Write a function to extrapolate based on recent ToF sensor values, such that you can drive your robot quickly towards the wall and initiate your stunt at just the right time. While your solution in this lab does not have to be fast, part of your lab 8 grade will be based on the speed of your solution relative to your class mates. Be sure to demonstrate that your solution works by uploading videos and by plotting corresponding raw and estimated data in the same graph.

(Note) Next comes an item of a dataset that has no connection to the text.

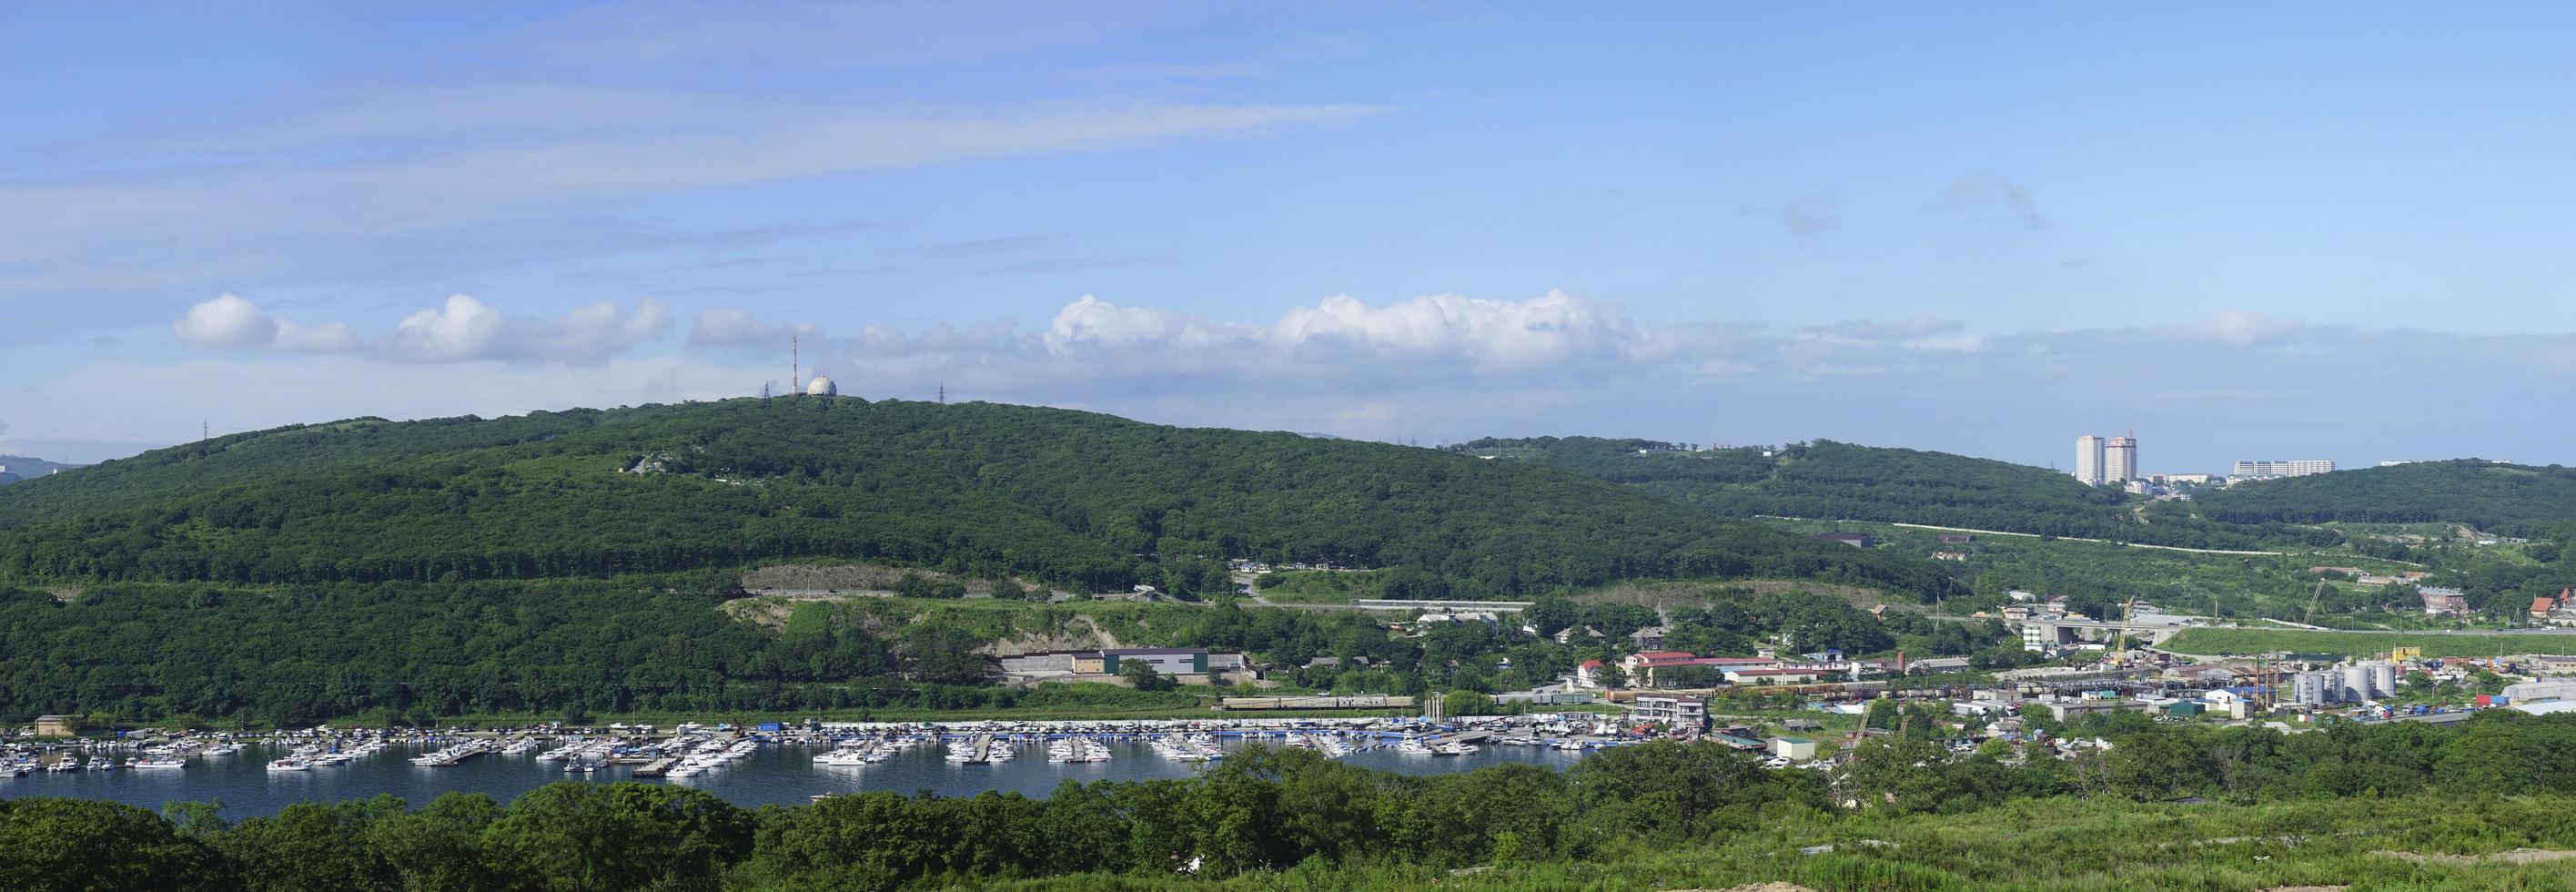 panorama van het landschap met uitzicht op de baai van ulysses foto

4.B Implement the Kalman Filter on the Robot (Optional, for up to 4 bonus points!)

(Original task)

If you have time, integrate the Kalman Filter into your Lab 6 PID solution on the Artemis. Before trying to increase the speed of your controller, use your debugging script to verify that your Kalman Filter works as expected. Be sure to demonstrate that your solution works by uploading videos and by plotting corresponding raw and estimated data in the same graph.

The following code snippets gives helpful hints on how to do matrix operations on the robot:

#include <BasicLinearAlgebra.h>    //Use this library to work with matrices:
using namespace BLA;               //This allows you to declare a matrix

Matrix<2,1> state = {0,0};         //Declares and initializes a 2x1 matrix 
Matrix<1> u;                       //Basically a float that plays nice with the matrix operators
Matrix<2,2> A = {1, 1,
                 0, 1};            //Declares and initializes a 2x2 matrix
state(1,0) = 1;                    //Writes only location 1 in the 2x1 matrix.
Sigma_p = Ad*Sigma*~Ad + Sigma_u;  //Example of how to compute Sigma_p (~Ad equals Ad transposed) 

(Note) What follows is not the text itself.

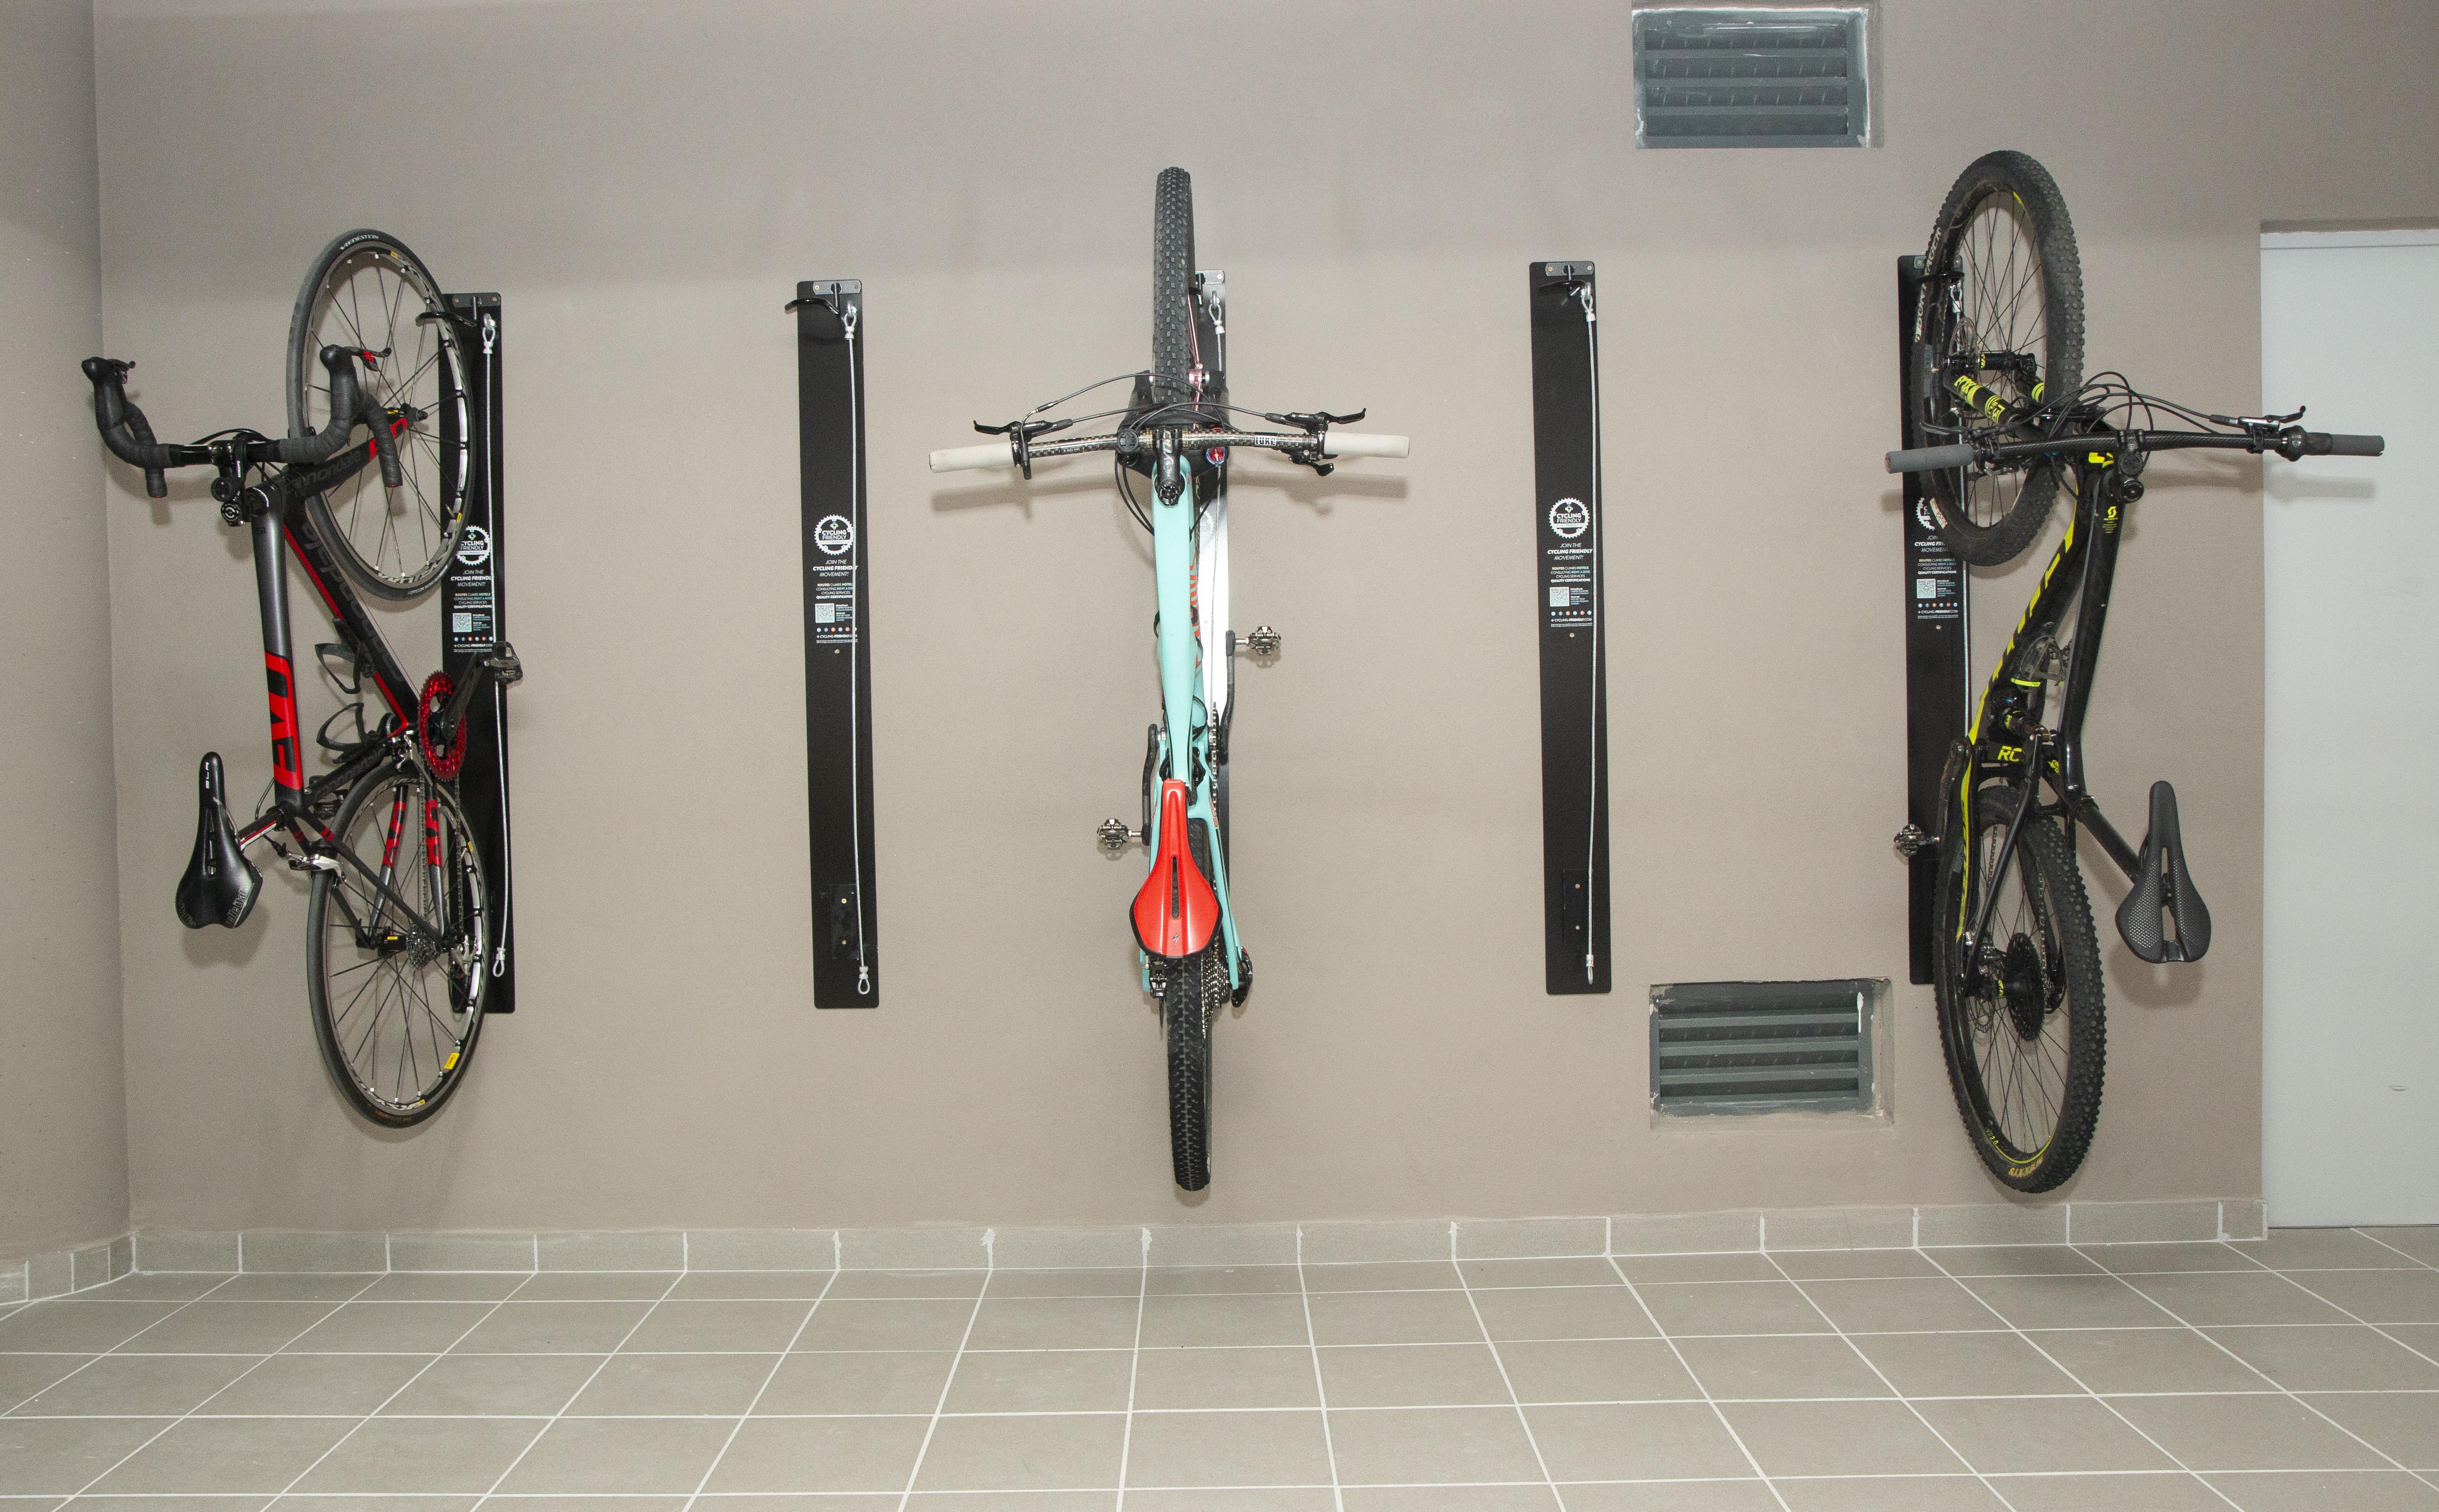 Imagen que contiene bicicleta, garaje

5 Speed things up (optional)

If you want to get a head start on Lab 8, try speeding up your robot using your new KF (or extrapolator) to increase the execution time of your control loop.

Additional tasks for 5000-level students

You’re off the hook in this lab.


Write-up

To demonstrate that you’ve successfully completed the lab, please upload a brief lab report (<800 words), with code snippets (not included in the word count), photos, and/or videos documenting that everything worked and what you did to make it happen.